Data extract >>
-*-*-
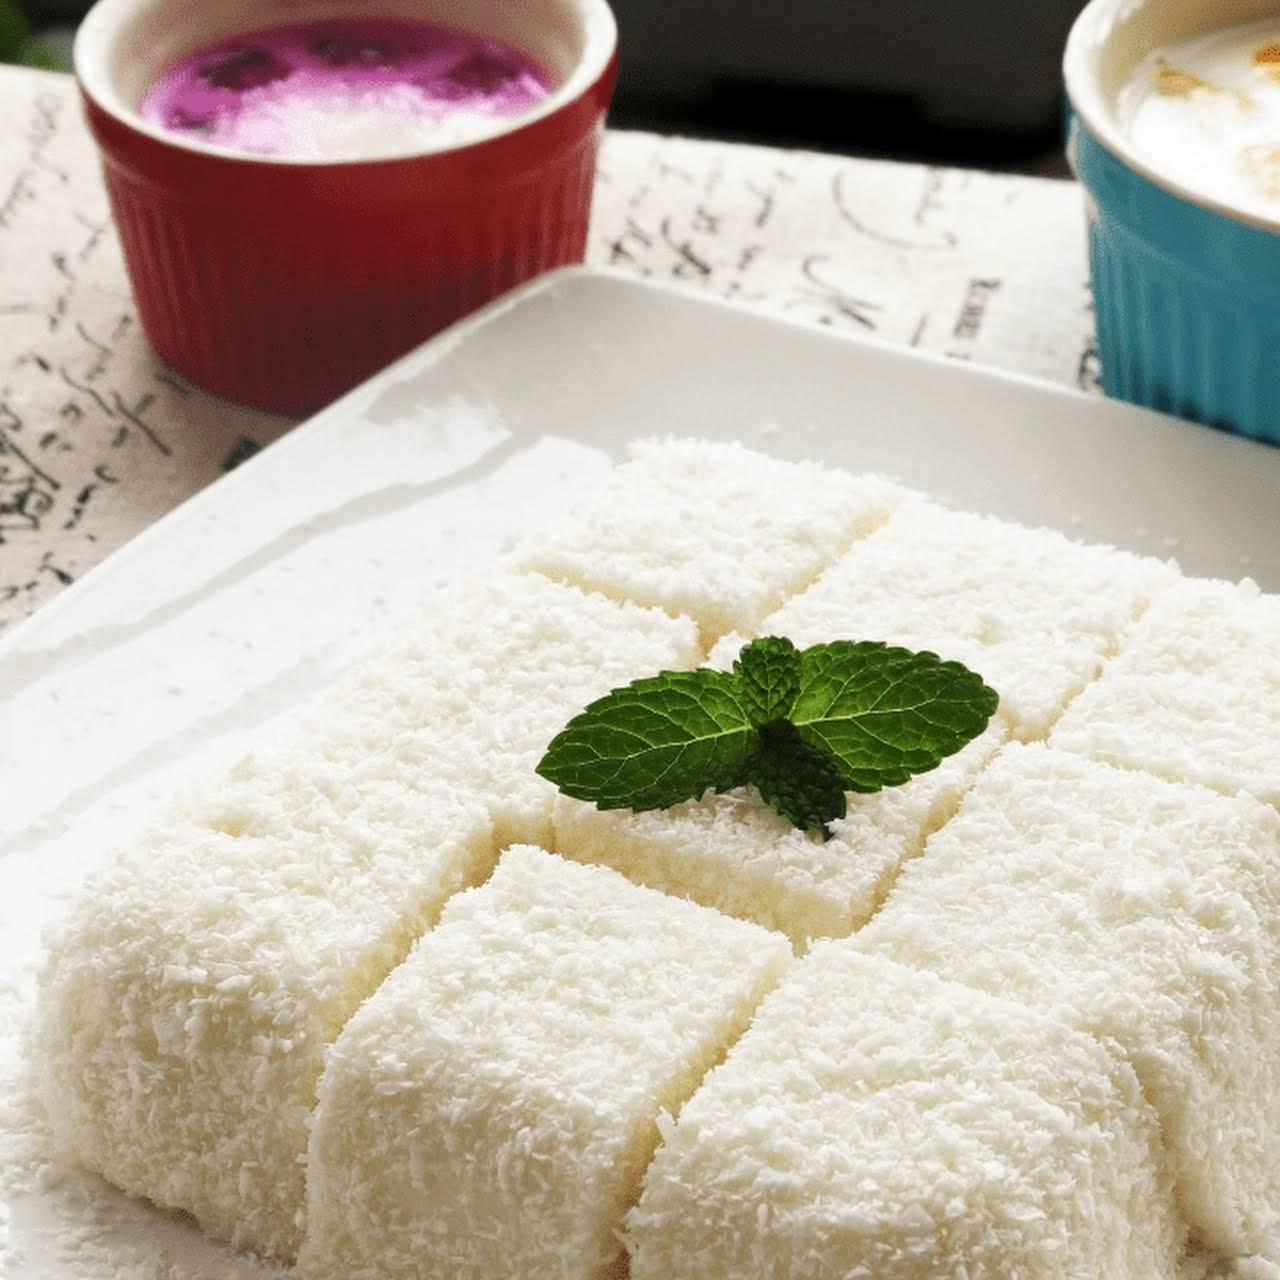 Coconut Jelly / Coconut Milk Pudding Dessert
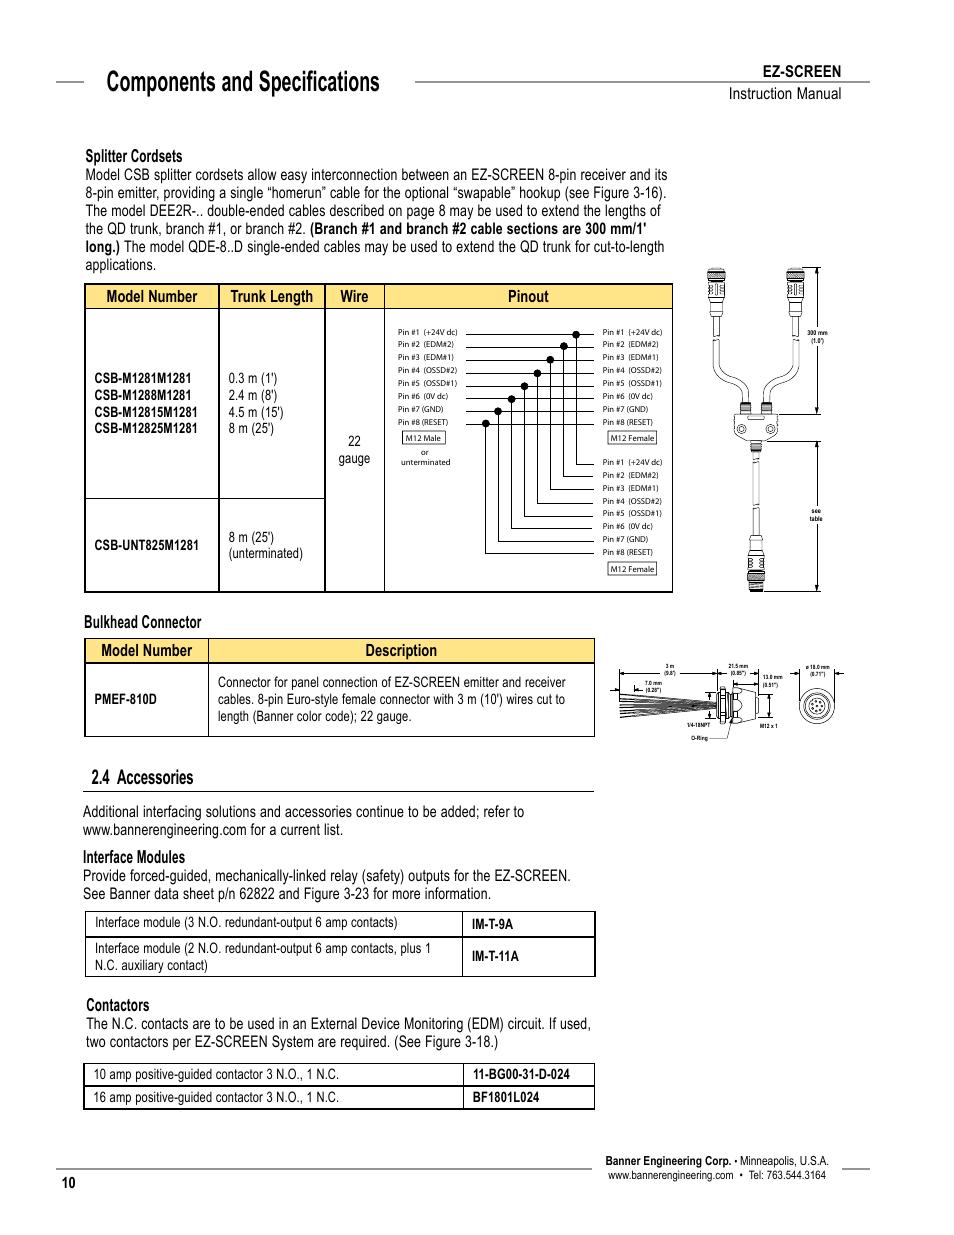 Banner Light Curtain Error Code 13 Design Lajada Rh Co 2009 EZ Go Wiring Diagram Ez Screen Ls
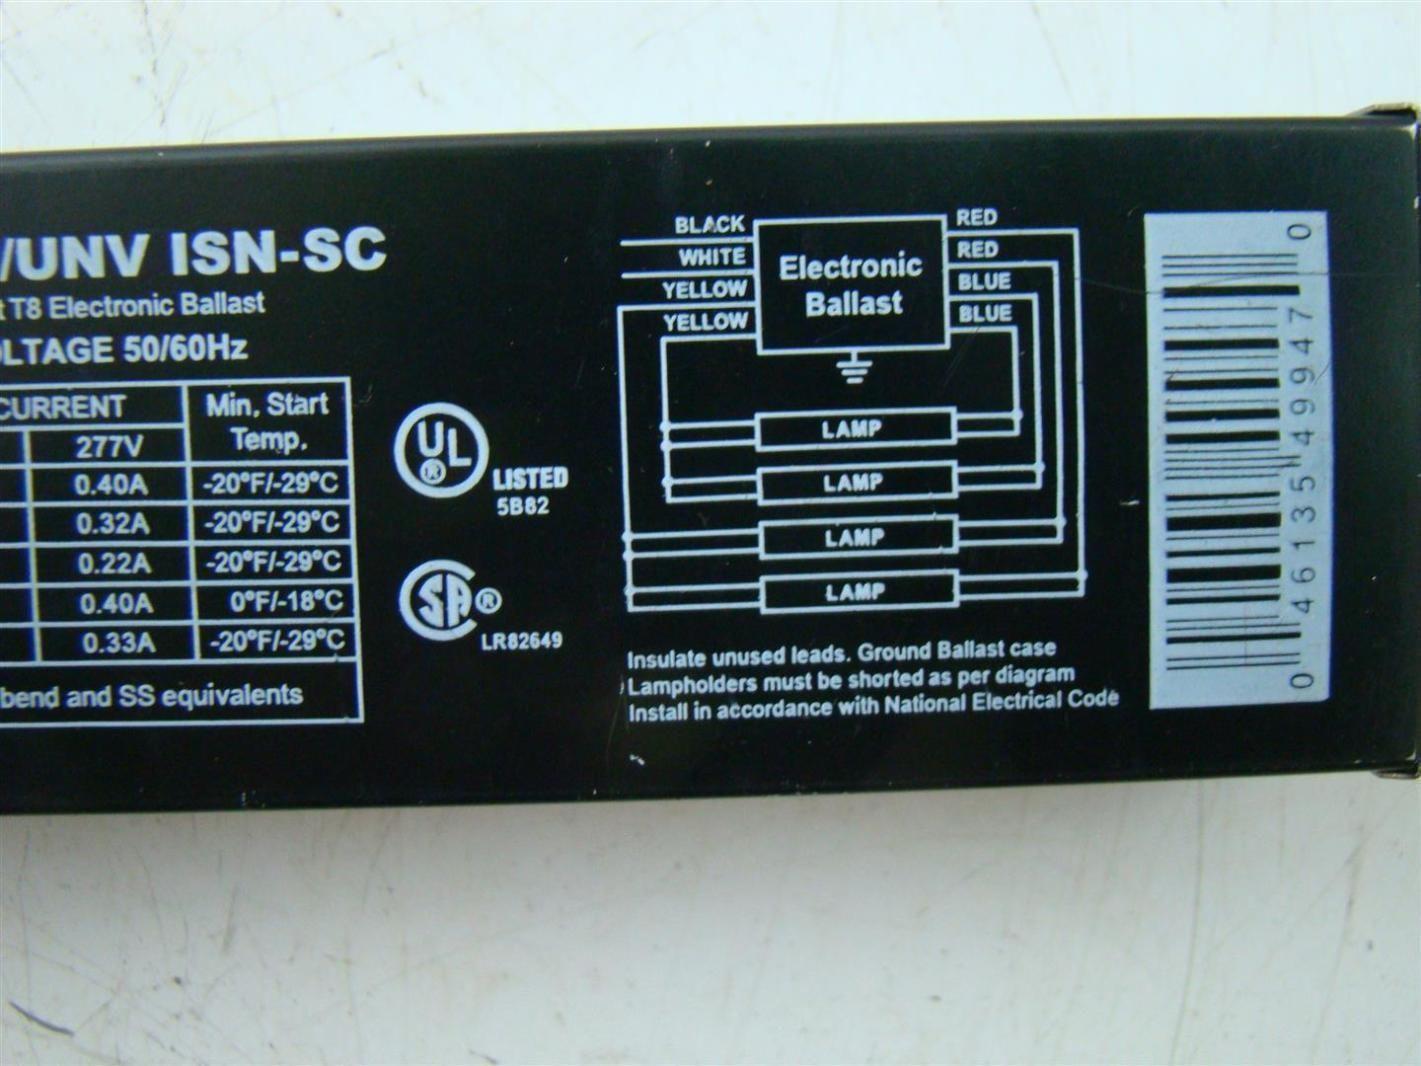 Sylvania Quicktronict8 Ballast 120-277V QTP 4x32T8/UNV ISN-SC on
-*-*-
What to do >> What is needed is a word-for-word copy of the data above, free of any images.

Response below >>
 Coconut Jelly / Coconut Milk Pudding Dessert
 Banner Light Curtain Error Code 13 Design Lajada Rh Co 2009 EZ Go Wiring Diagram Ez Screen Ls
 Sylvania Quicktronict8 Ballast 120-277V QTP 4x32T8/UNV ISN-SC on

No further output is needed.